5. The training method of an image generation model according to any one of claims 1 to 4, characterized in that the method further comprises:

or alternatively, the first and second heat exchangers may be,

6. An image generation method, the method comprising:

the image generation model is trained according to the training method of the image generation model according to any one of claims 1 to 5.

7. An image generation model training apparatus, comprising:

8. The image generation model training apparatus of claim 7 wherein:

the first loss calculation module is configured to execute inputting each stylized image into a corresponding discriminator to obtain a discrimination result generated by the discriminator; the discriminator corresponds to a style vector corresponding to the stylized image; and calculating the first discriminator loss according to the difference value between the discrimination result and the true value of the stylized image.

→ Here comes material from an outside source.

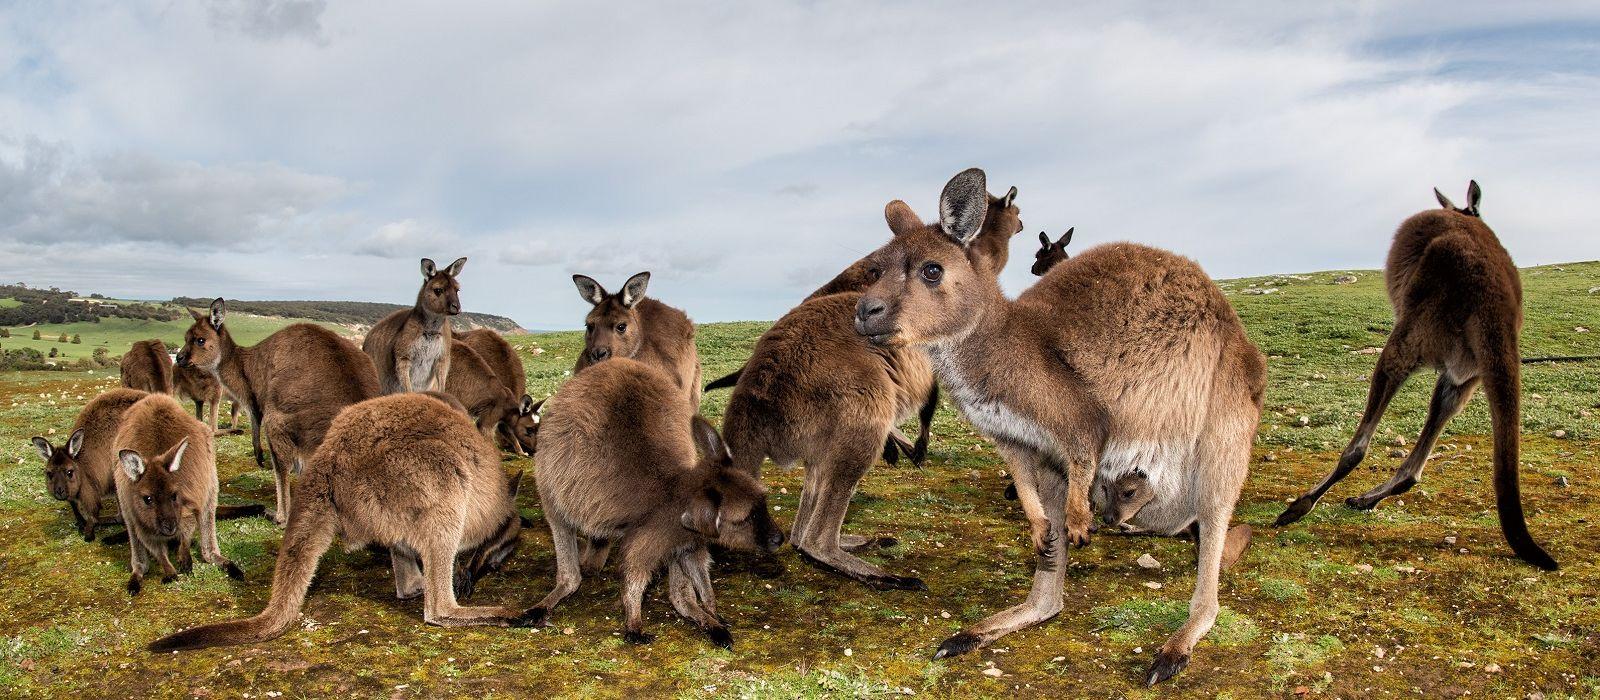 Australien Luxusreise: Natur, Kultur & paradiesische Inseln Urlaub 1

9. The image generation model training apparatus of claim 8 wherein:

the first loss calculation module is configured to calculate the second discriminator loss according to a difference between the discrimination result and an expected value of the stylized image.

10. The image generation model training apparatus of claim 9, wherein the second loss calculation module comprises:

11. The image generation model training apparatus of any of claims 7-10, further comprising a training control module configured to perform training to obtain the image generation model when the image generation loss is less than a preset loss threshold; or when the training times of the training targets are larger than a preset training times threshold value, obtaining the image generation model, wherein the training targets comprise one or more of the discriminator, the image generation network or the style vector.

12. An image generation apparatus, the apparatus comprising:

13. An electronic device, comprising:

a processor;

a memory for storing the processor-executable instructions;

wherein the processor is configured to execute the instructions to implement the training method of the image generation model of any one of claims 1 to 5 or the image generation method of claim 6.

14. A computer readable storage medium, which when executed by a processor of an electronic device, causes the electronic device to perform the training method of an image generation model of any one of claims 1 to 5 or the image generation method of claim 6.

15. A computer program product comprising a computer program, characterized in that the computer program, when being executed by a processor, implements the training method of an image generation model according to any one of claims 1 to 5 or the image generation method according to claim 6.